§ **What you should do**:
The whole listing needs retyping exactly; keep the pictures out of it.

§ **The data**:
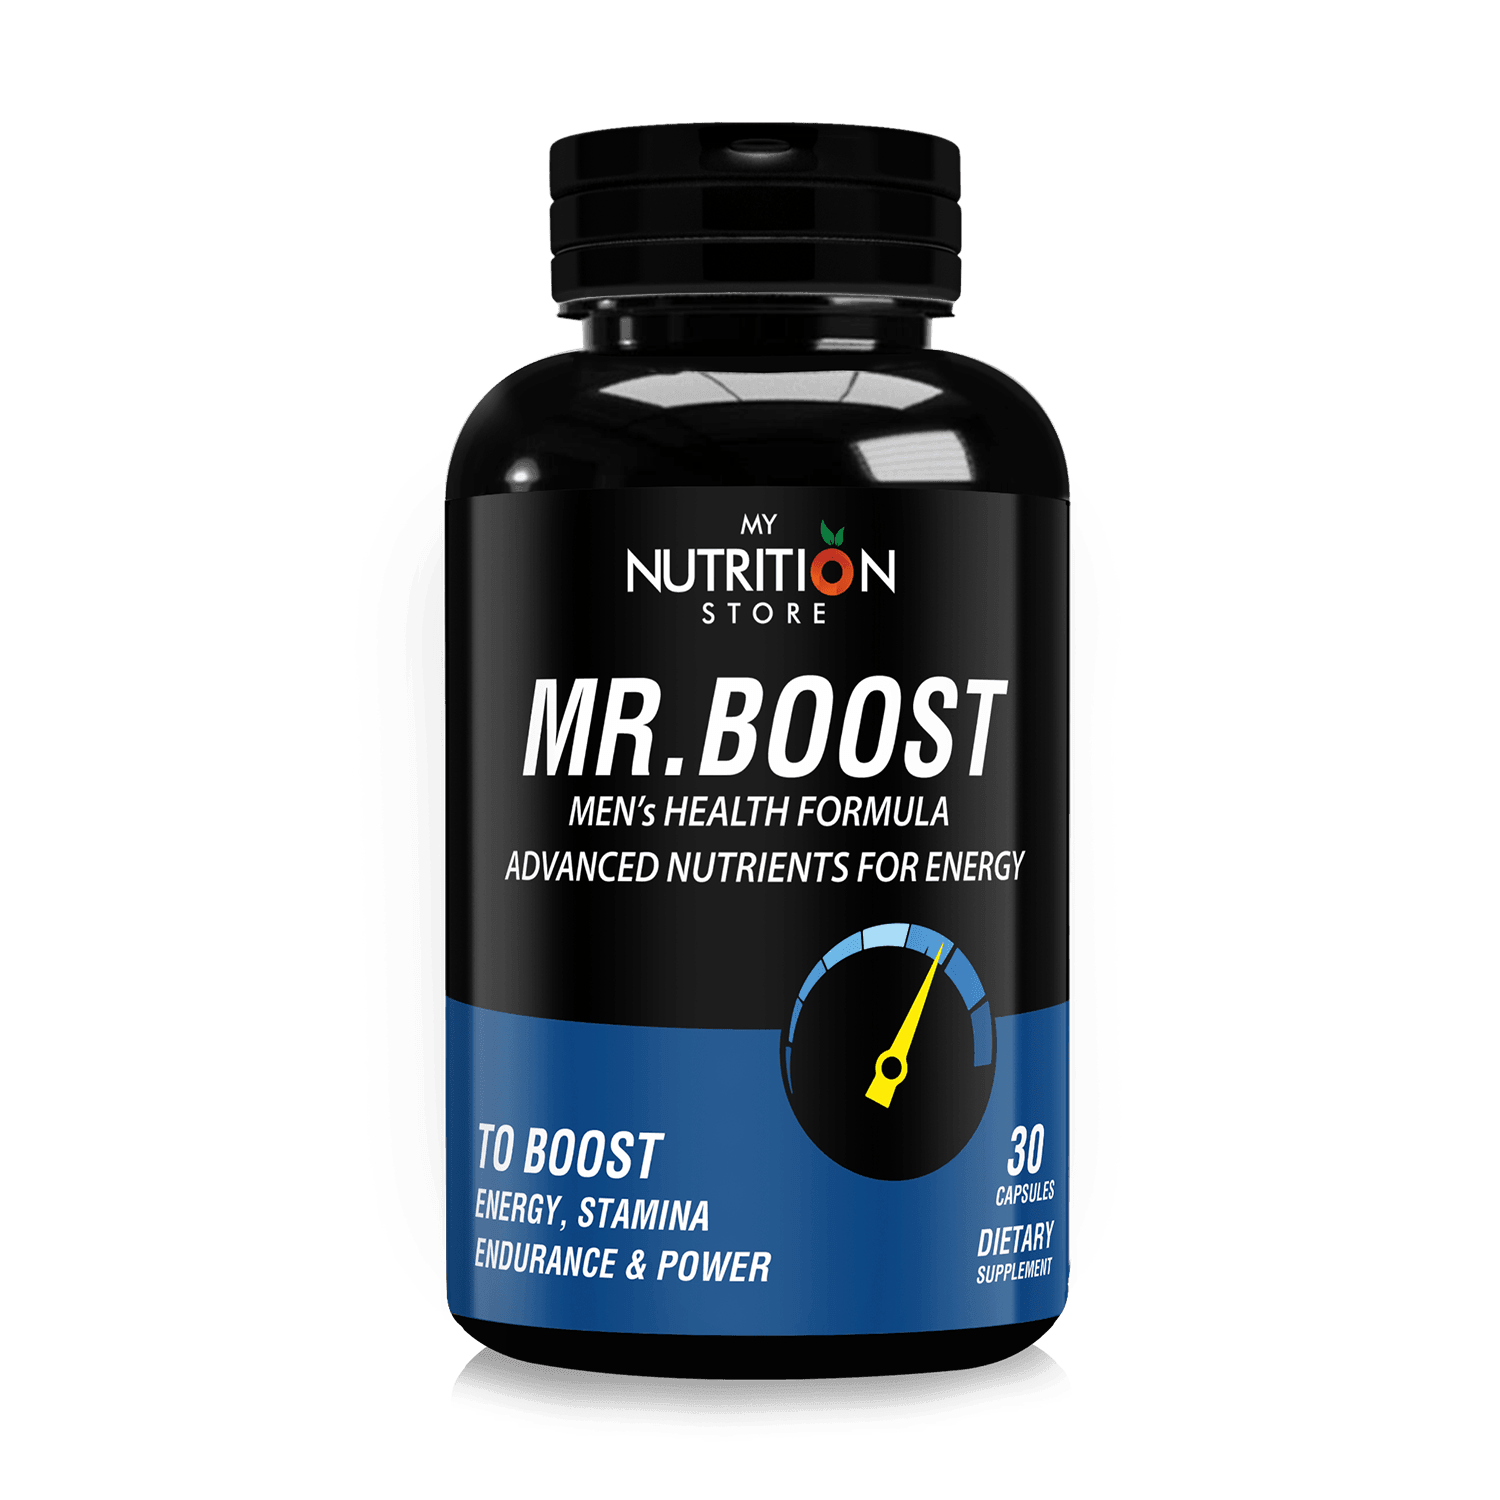 MR. BOOST ADVANCE MEN'S HEALTH SUPPLEMENT + FREE GIFT 🎁 - Healthifyme.pk
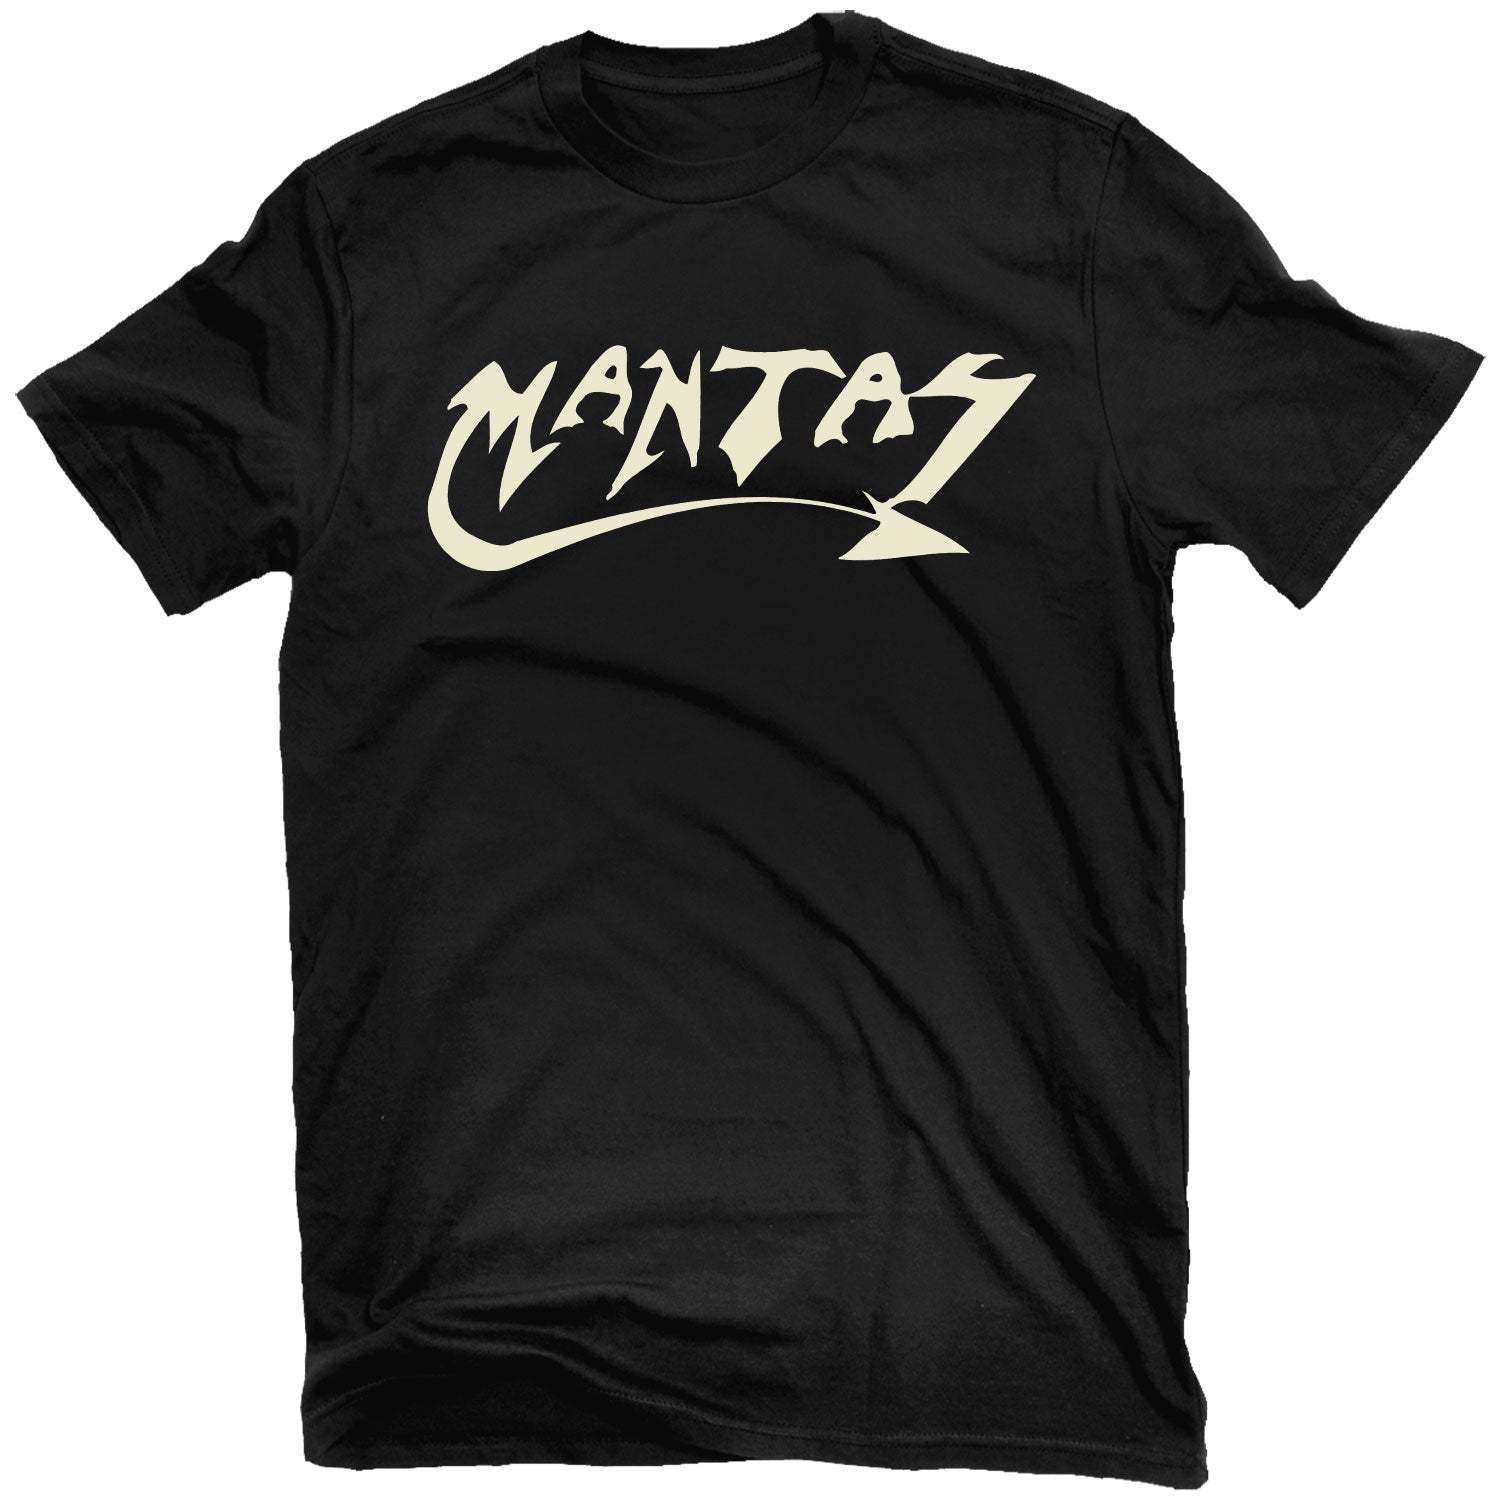 Mantas "Logo (Cream on Black)" T-Shirt
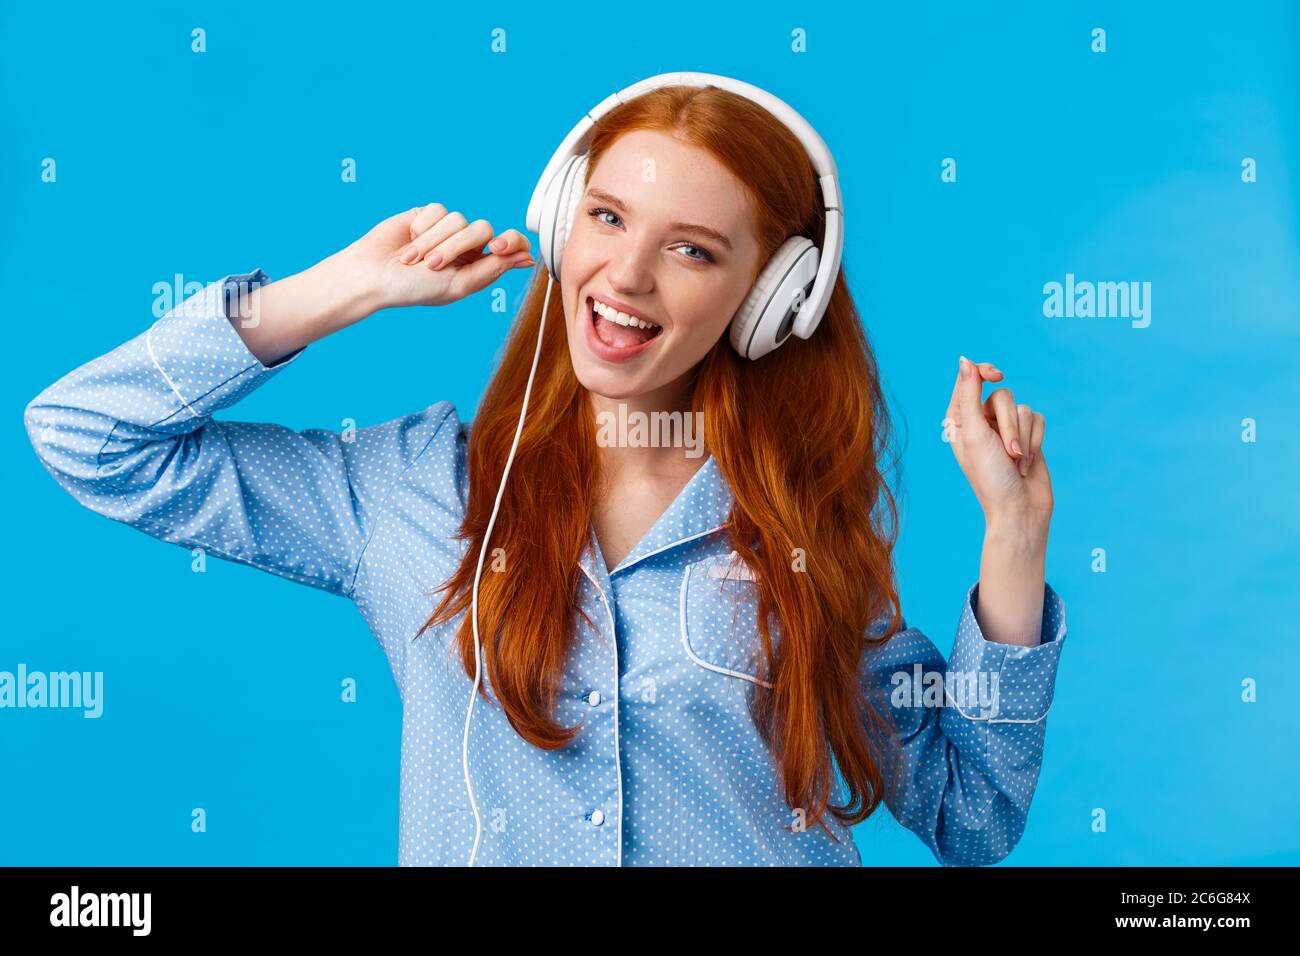 Girl waking up starting day with music. Joyful carefree redhead teenager dancing in nightwear, raising hands up wearing large white headphones singing Stock Photo
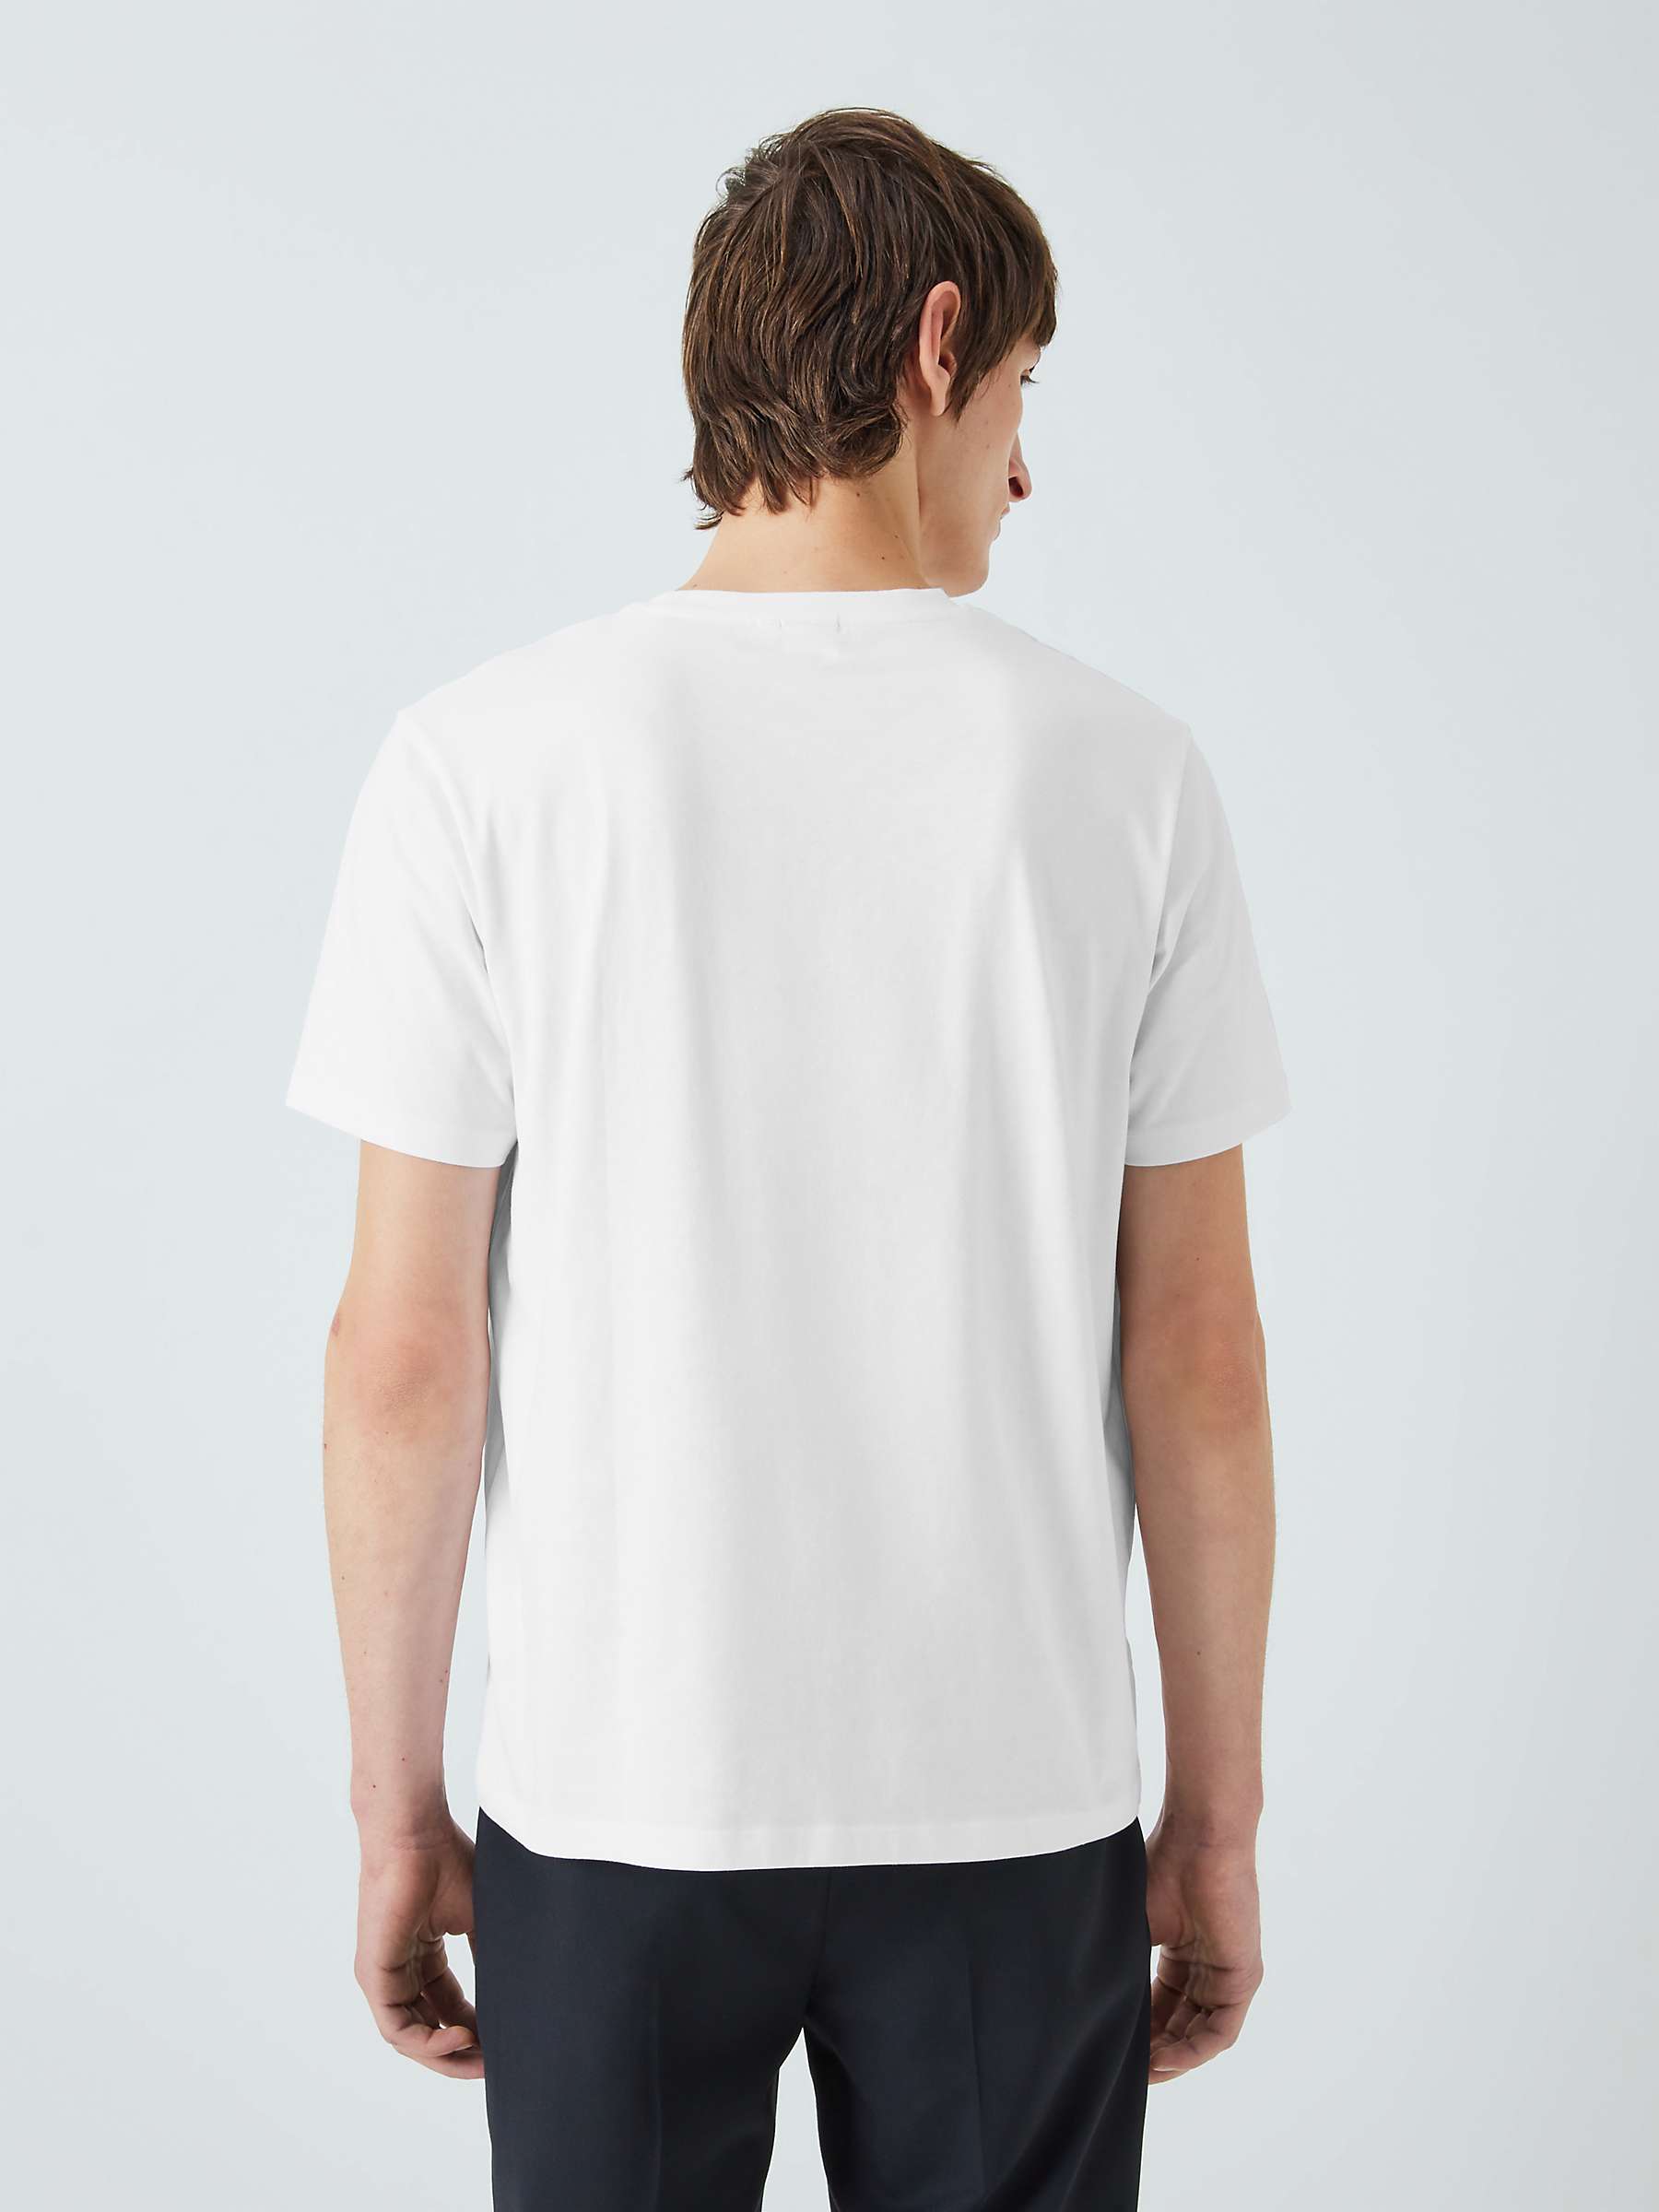 Buy Kin Logo Cotton T-Shirt Online at johnlewis.com

§ **Completed exercise**:
 MR. BOOST ADVANCE MEN'S HEALTH SUPPLEMENT + FREE GIFT 🎁 - Healthifyme.pk
 Mantas "Logo (Cream on Black)" T-Shirt
 Girl waking up starting day with music. Joyful carefree redhead teenager dancing in nightwear, raising hands up wearing large white headphones singing Stock Photo
 Buy Kin Logo Cotton T-Shirt Online at johnlewis.com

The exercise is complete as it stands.